Dscf0515_edited1『日本人には二種類いる 1960年の断層』(岩村暢子著/新潮新書/2013年10月20日刊)

 どうもこの「世代別マーケティング」という手法は広告代理店が良く使う方法で、エリアマーケティングが1960年のテレビの普及とともに使えなくなったために、手に入れた方法なのではないだろうか。

 で、一番最初にターゲットにされたのが「団塊の世代」というやつ。勿論、日本人口の最大のボリュームゾーンであり、子どものころはまだ日本全体が貧しかったのだが、その後高度成長を遂げ、「何でもお金で手に入る」時代を経験し、未だにその蓄えた財産はもっとも多くが団塊の世代に集中している。彼らから如何にして金を引き出すかが、今の日本経済の最大課題ではある。ということで。

 で、その団塊の世代の次なるターゲットになったのが、この本で触れられている「1960年代生まれ」ということなのではないだろうか。つまり、それまでは団塊の世代くらいしか年代別マーケティング的な呼び方はなかったものが、この1960年生まれから先は、1965~1969年生まれのバブル世代、1971~1983年生まれの就職氷河期世代(その中に、1971~1974年生まれの団塊ジュニアを含む)、1987~2004年生まれのゆとり世代などなどの、いろいろな世代別の呼び方と、その世代へ向けたマーケィングが行われている。もう一つ別の切り口から見れば1992年以降のデジタルネイティブなんて呼び方もある。

 こうした世代別に人口を分けるという考え方が、まさしくマーケティングのための手法でしかない(あるいはである)ことの証左は岩村氏が「おわりに」で書いたこの言葉でもって示される。

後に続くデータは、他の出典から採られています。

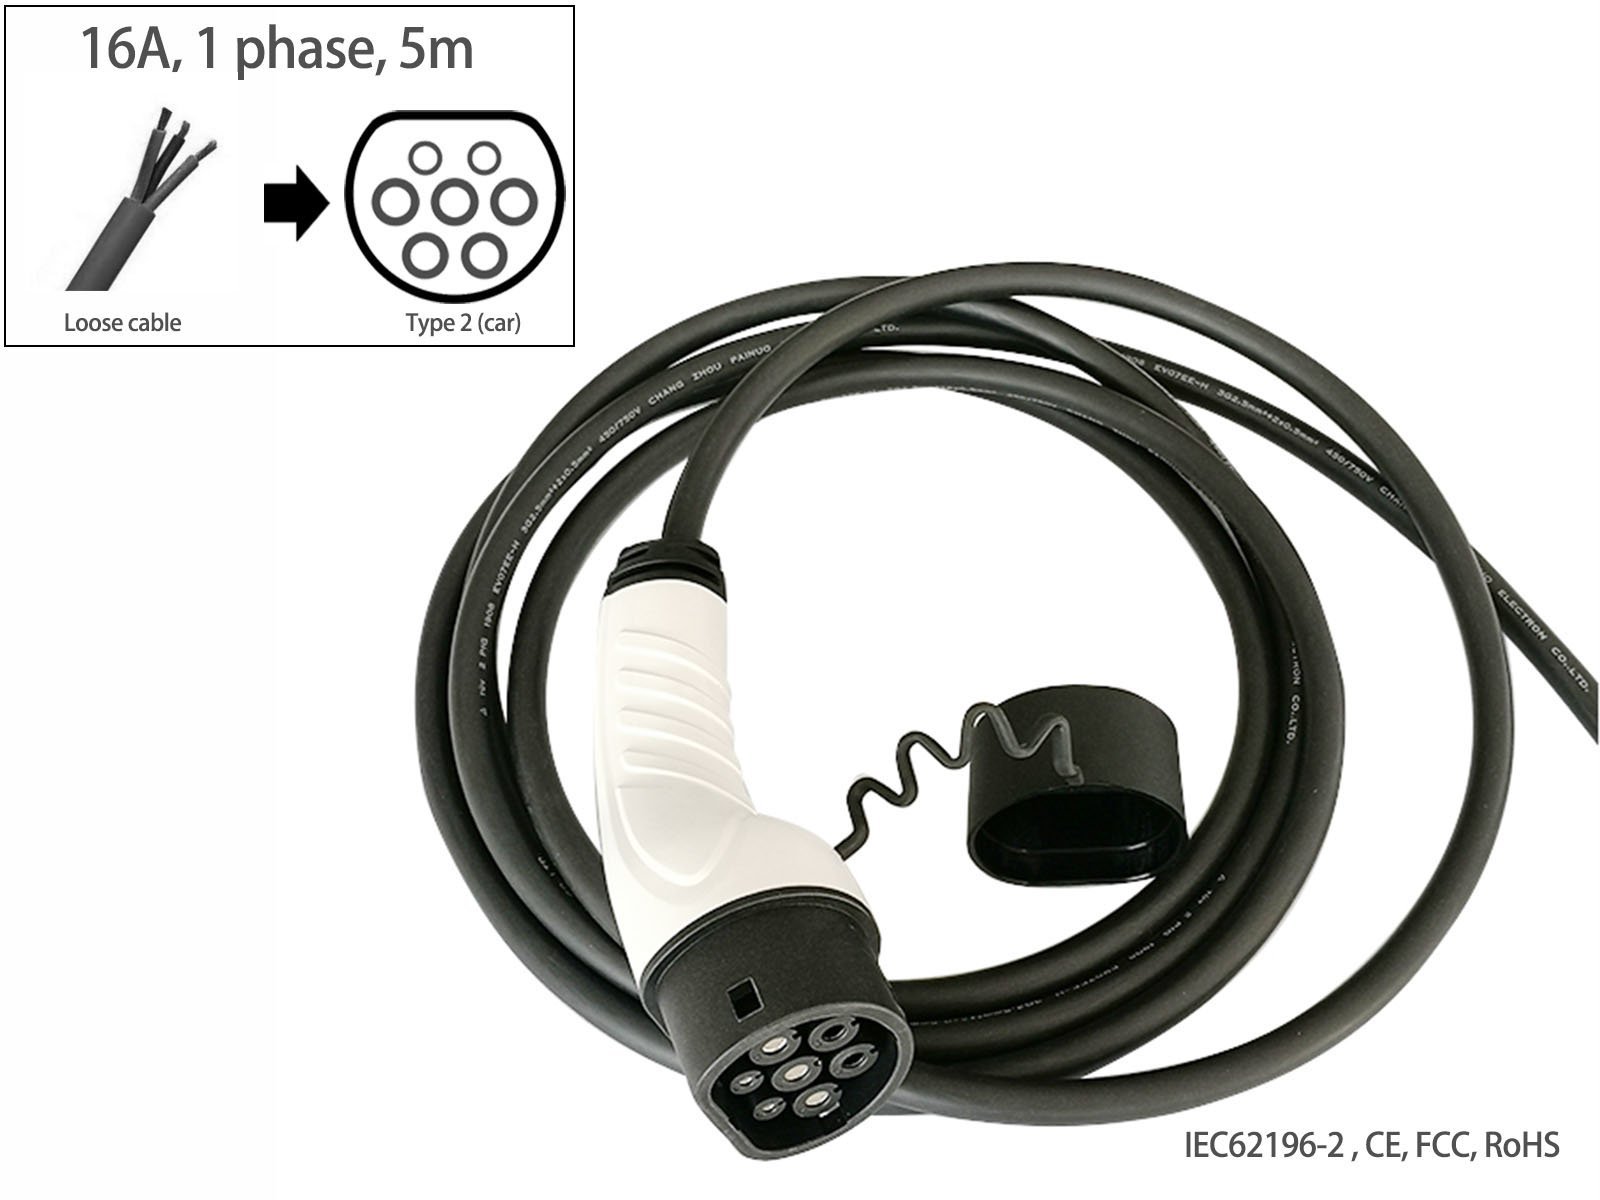 EV charging cable,Loose cable to Type 2 (car),16A,single phase,5m,Fisher - Torque Alliance

『『人口統計』(総務省統計局、2012年10月発表)によれば、「’60年型」は既に日本人全体の約6割(59%)を占め、「旧型」は4割(41%)と少数派になっている。これからますます「’60年型」の感覚と価値観がものごとを動かす時代になっていくことは、間違いない』

 しかし、問題は企業がこうしたマーケティング手法で商品を消費者に訴えていくことは、企業の勝手であるが、それを一般の人が受け入れる必要は全くないということを書かないことなのだ。まあ、岩村氏自身がもともとアサツーDKの人で、そこでのマーケティング手法を用いて書いた本なのだから、それはそれでしょうがないんだけれども、だからこの本を読んだ一般の人は、この本の取り扱いには注意して、真に受けないようにしましょう、ということなのである。

 たとえば35項目目「現実より仮想 いつまでも子供でいたい」は要は「オタク」の問題を取り上げているのだが、しかし本当にオタクは1960年以降の生まれにしかいないのだろうか。

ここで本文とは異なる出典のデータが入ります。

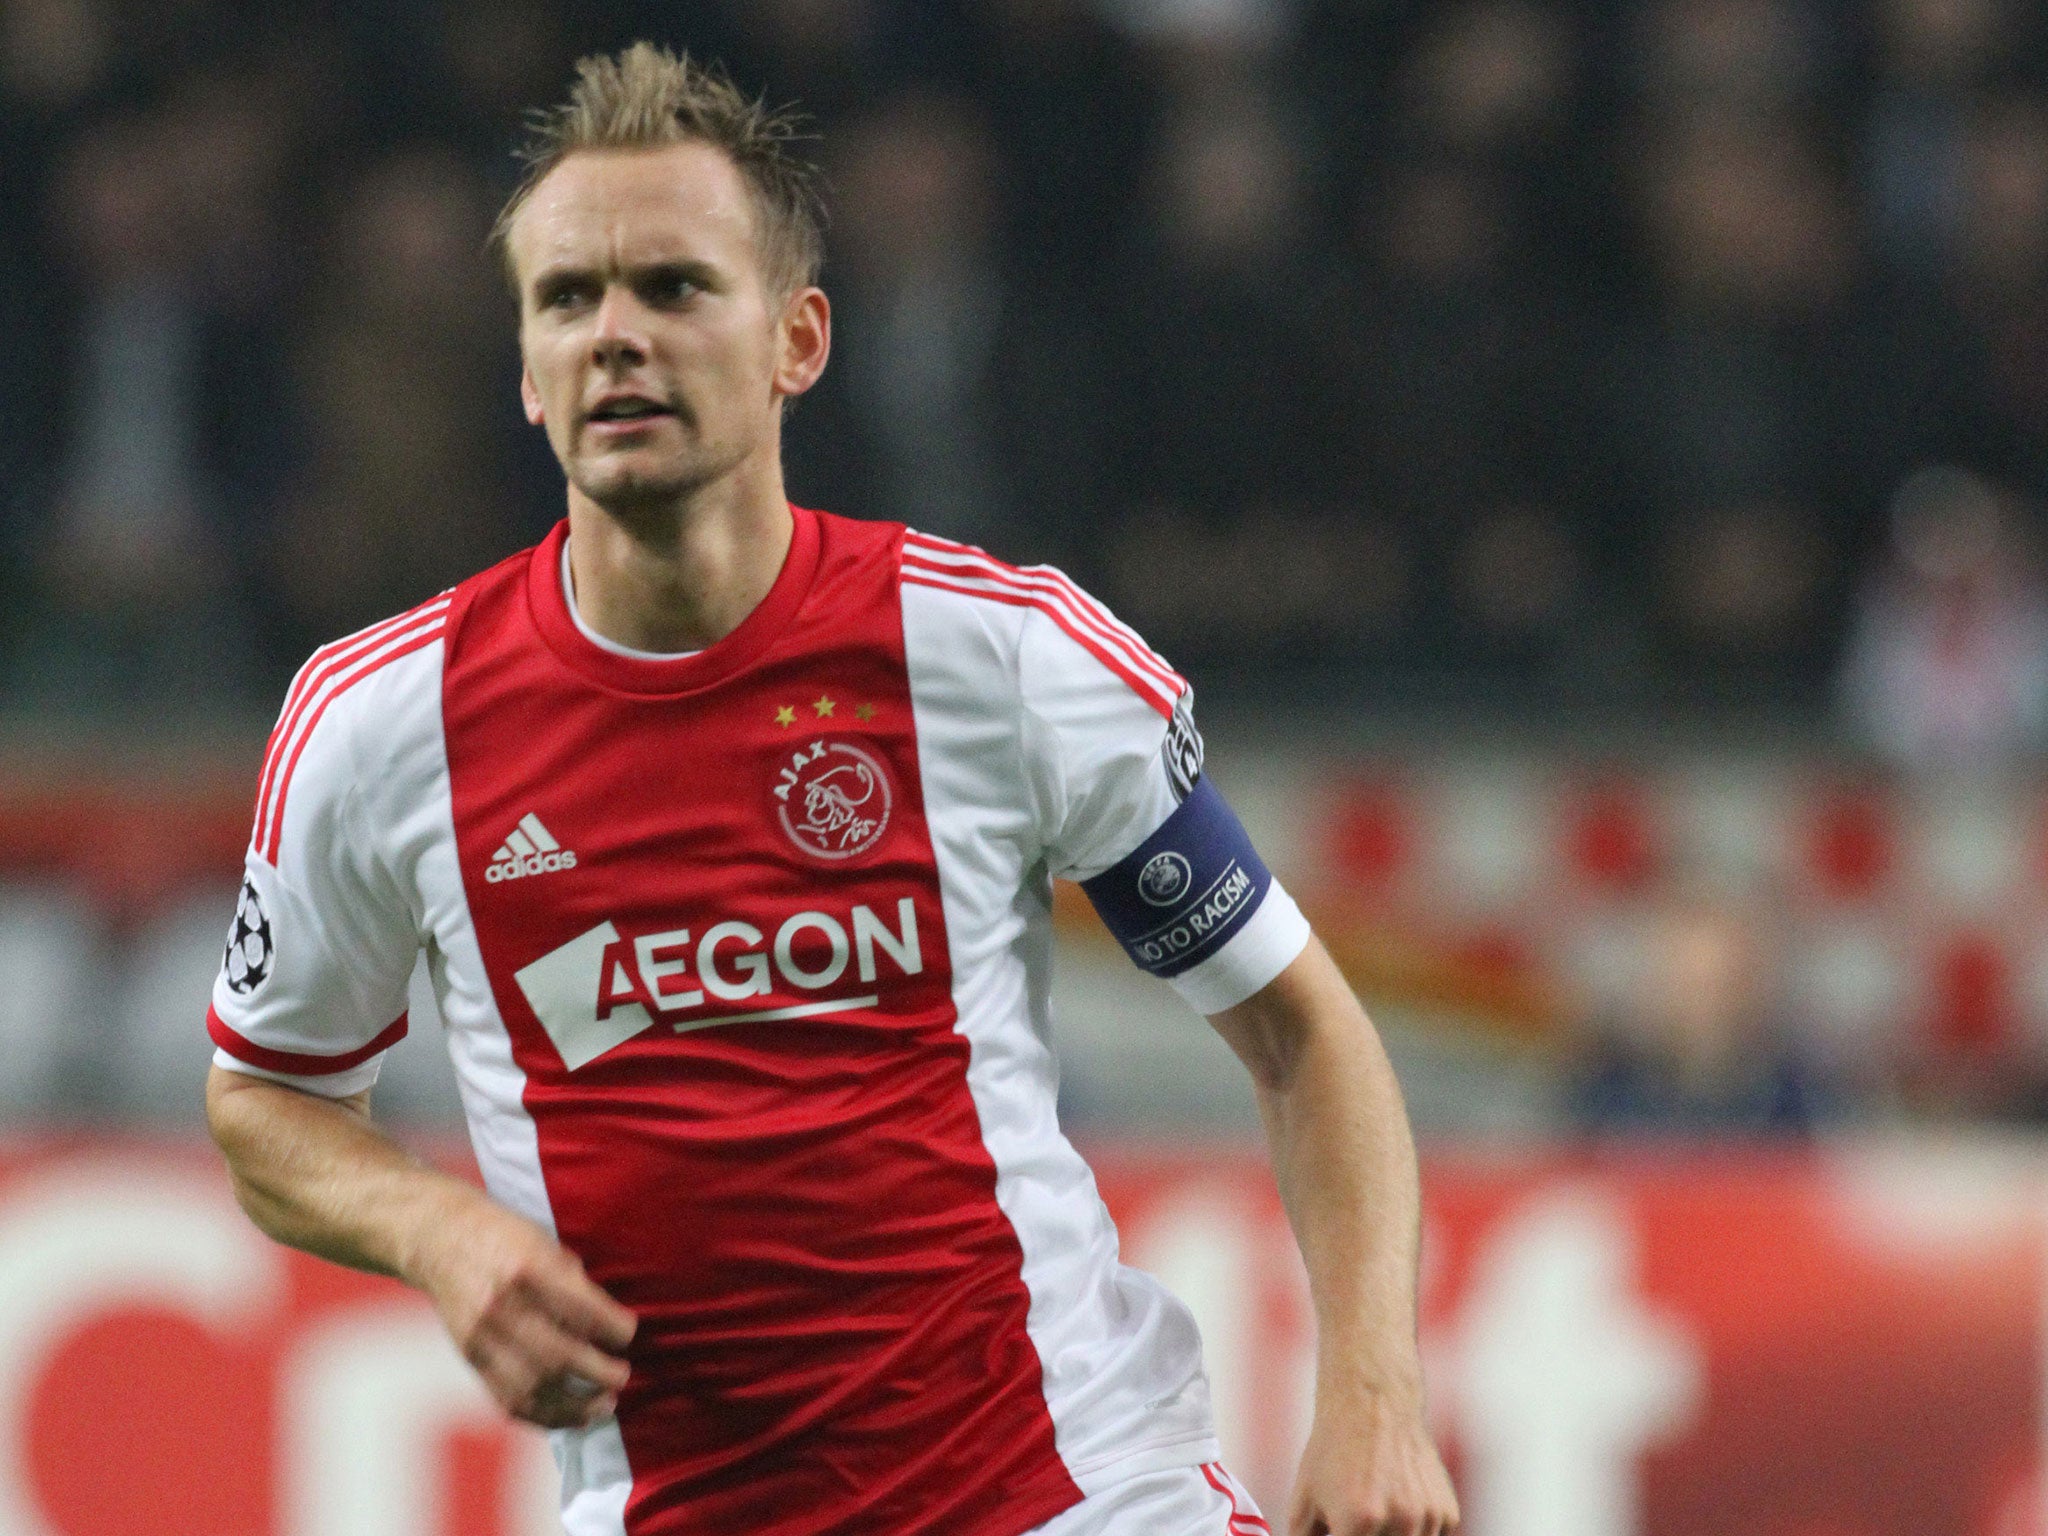 Ajax captain Siem de Jong has completed a transfer to Newcastle

 何を言うのだ、伝説のオタキング・岡田斗司夫氏は1958年生まれというのはどうしたもんか。その他、同じ1958年生まれの人を上げると、大塚英志、中村うさぎ、グレート義太夫なんて人たちもいたりして、もう別にオタクは1960年以降の特権でも何でもないのだ。

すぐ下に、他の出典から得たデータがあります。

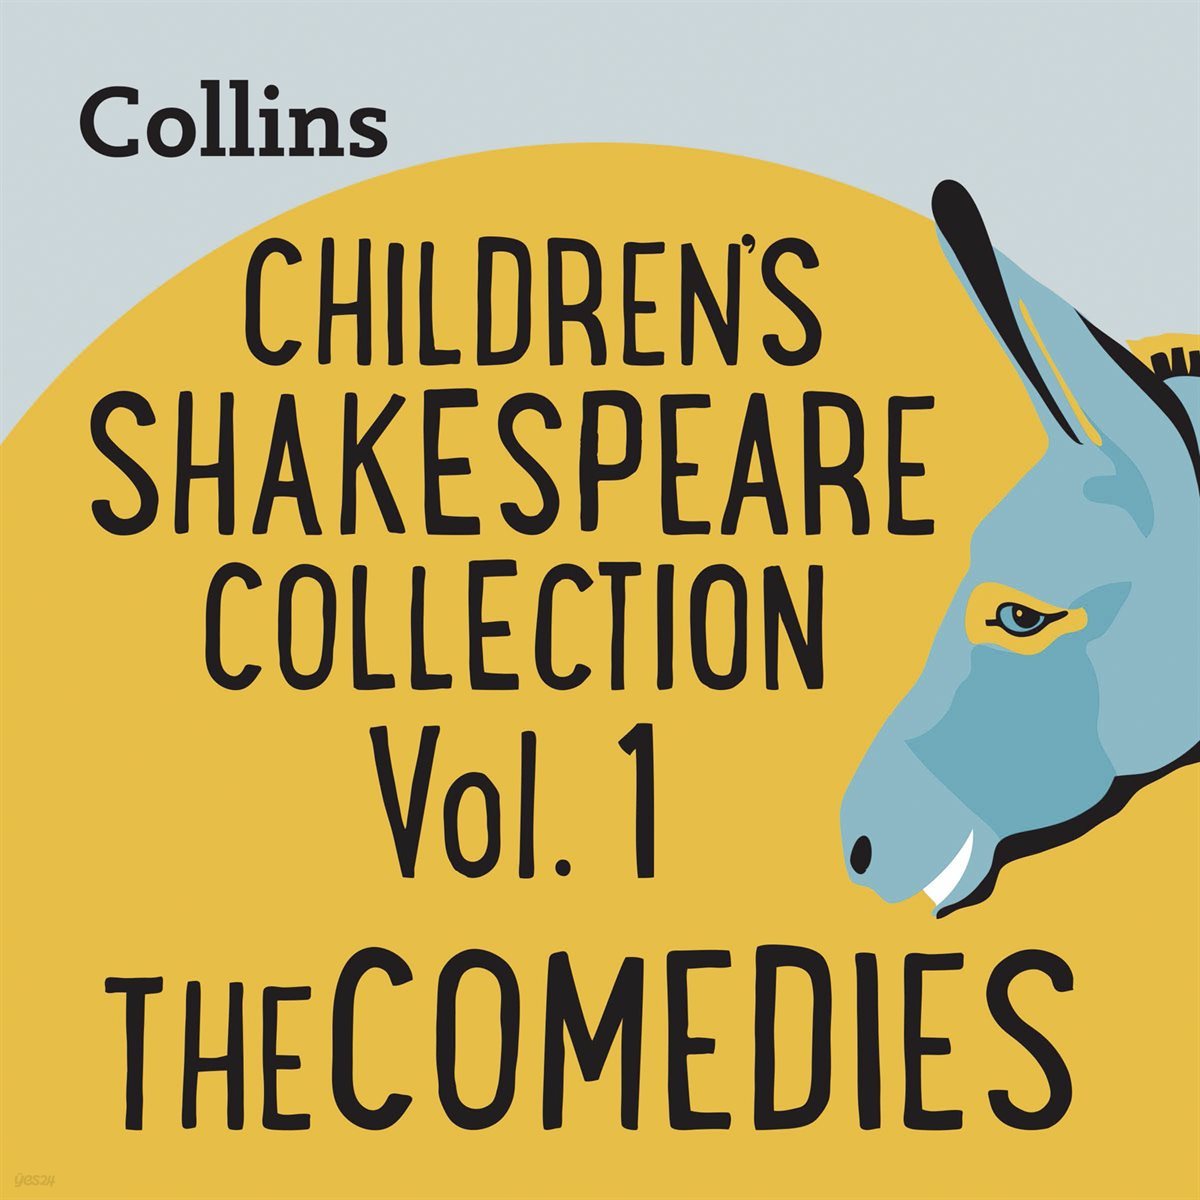 [US Eng] CHILDREN’S SHAKESPEARE COLLECTION VOL.1: THE COMEDIES: For ages 7 - 11 -Collins

 日本のテレビ放送は1953年に始まったが、家庭にテレビが普及し始めたのは1959年の今上天皇ご成婚であるとされる。それから言えば『本当にテレビっ子と言えるのは’60年以降に生まれた子供たちである』というのは間違っていないが、『’70年代には情報伝達の視覚化も進む。<中略>’80年代には古くからの活字メディアにも、「視覚化」「映像化」へのニーズが高まっていく。<中略>生まれたときからのテレビっ子たちが20代となり、事件や社会問題も読んで理解するより見て知りたいと思うようになってきたのだろう。<中略>言葉で説明するよりも、「見て、これなんだけど」と見せて伝え、共有して楽しみ、更には写真を撮ったり撮られたり、また交換することもコミュニケーションの一つとなっていく』として、60年世代が映像世代の先端を行っているように書くのは、完璧に間違えている。

 そこで出てくるのが、デジタルネイティブである。

 1995年にWindows 95が登場して、世の中の人すべてがパーソナル・コンピュータを操るようになるのは、実はかれら60年世代が30代になってから。つまり、それまでは映像とはいえアナログ・コミュニケーションだったのが、1995年のある日から突然すべてのコミュニケーションをデジタルで行えという指令が会社上層部から飛んだわけなのである。

 その時、60年世代はどうしたのか。ある者は、実に素早くデジタル・コミュニケーションに親しみ、自らのメインのコミュニケーション手段としていくが、その一方でそんな社会のデジタル化についていけずに脱落していったのも、この60年世代なのである。

 その上の団塊の世代は幸いあまりデジタル化の影響を受けずに、社会の表舞台からフェイドアウトできた。一方、デジタル化に対応した団塊の世代は必要以上にデジタル化にのめり込み、IT企業を起こしたりした人たちを生み出す。

 しかし、団塊の世代は人によってデジタル化に乗らなくても生きていけたし、デジタル化に乗っても生きていけた。それが60年世代は、30代になってから突然デジタル化しなければ今後生きていけなくなるということに直面したのである。

 デジタルネイティブとはどういう人たちなのだろうか。

 つまり、彼らは人としてマルチタスクが可能であり、彼らの知識はクラウドにある、そんな生き方ができる人たちなのである。

 デジタルネイティブの人たちは、人と会っている時にも、ラップトップ(ただしMac Book Air)やスマホ、タブレットを離さない。というか常にそれをいじくりながら、我々と話をしたり、講演を行ったりしている。じゃあ、そんなデジタルネイティブが我々との話を無視したり、講演を途中でやめてしまったりするのかというと、そんなことはない。つまり、かれらは我々と話をしている最中、講演で自ら発言をしている最中にも、ラップトップ(ただしMac Book Air)をいじりながら、私たちが言っていることの意味を、グーグルなんかで調べながら聞いているのである。で、彼らはそんな人の話を聞きながらいじくっていたラップトップ(ただしMac Book Air)から、我々の話への回答を見つけ発言するのである。つまりそれが「人としてマルチタスク」「知識はクラウドにある」という理由なのだ。

 そんな発想が60年世代に出来るかな。

 まあ、無理でしょう。

 ということで、デジタルネイテブから見れば「60年世代は立派な旧型」なのである。

 つまり、こうした世代別マーケティングなんて、私たちにとって何の意味があるの? ということなのである。